Garry casually dropped into the kitchen and said, “Jeffrey Epstein is dead.”
“Seriously?” I said.
“Really?” said Ben, who is visiting from Arizona.
“Well, that’s what the headline said” Garry reiterated.
When I finished making coffee and muffins and finally made it to the computer, I had to go through most of my email until I finally found the headline. Frankly, Fandango’s “How convenient,” seemed a better explanation.
Not like we are all getting paranoid, but it is awfully convenient. Frankly, I was looking forward to a long, involved trial that would really improve the quality of late-night television comedy.
I had a list of possible people who would stand up, take oaths on the bible, then lie like crazy in court, all of which would be followed by a multi-part television serial.
CBS? Fox? Netflix? HBO? Originally I thought a two-parter, but when I added up the witnesses — for both the prosecution and the defense — I realized at least a three-parter and who knows? Four? Two complete seasons?

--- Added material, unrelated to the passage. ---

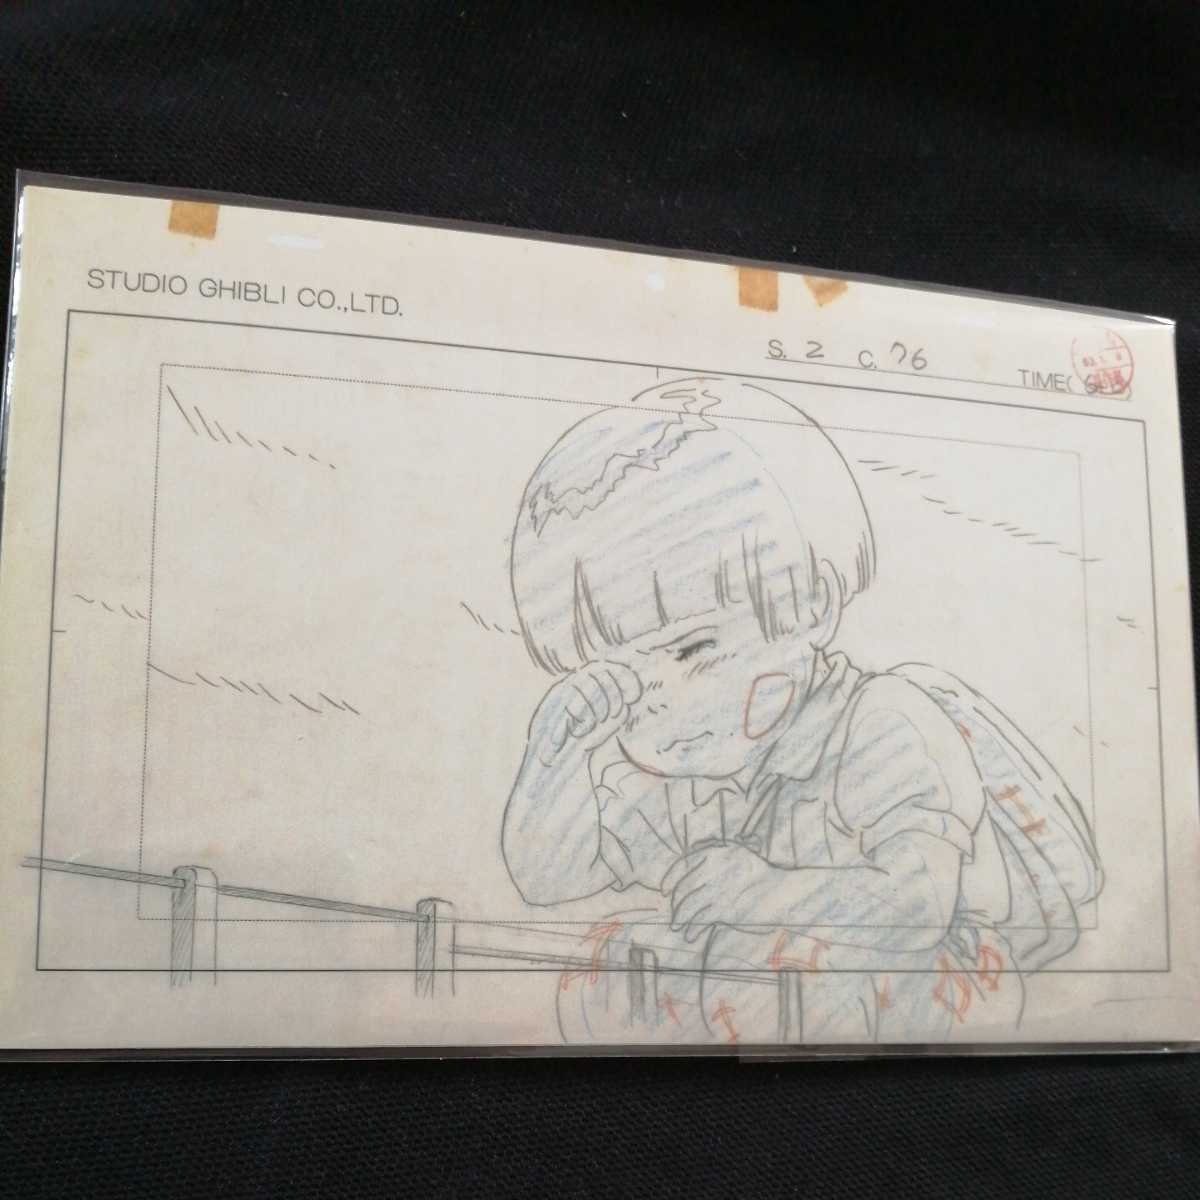  Studio Ghibli огонь сидэ .. . расположение порез . осмотр ) Ghibli открытка постер исходная картина цифровая картинка расположение выставка Miyazaki .GHIBLI

It had serious television potential.
Now the show will be authored at attempts to unravel the paranoia of his “death.” I mean … is he dead? Was he spirited away to a secret paradisical island? Lifted away by rogue CIA agents who are water-boarding him in a black room in Guantanamo?
How about carried away by enraged women and lord only knows what THEY are doing to him. Secret cameras anywhere? Oh, this could be really too hot even for our media to handle.
I’m not at all sure he was spirited away to a lovely little tropical island. I beg to differ. I think he might have been taken away by parties who intend to show him the real meaning of suffering, thus to go through a far better punishment than any court could arrange.
I just wish I’d been invited to the party.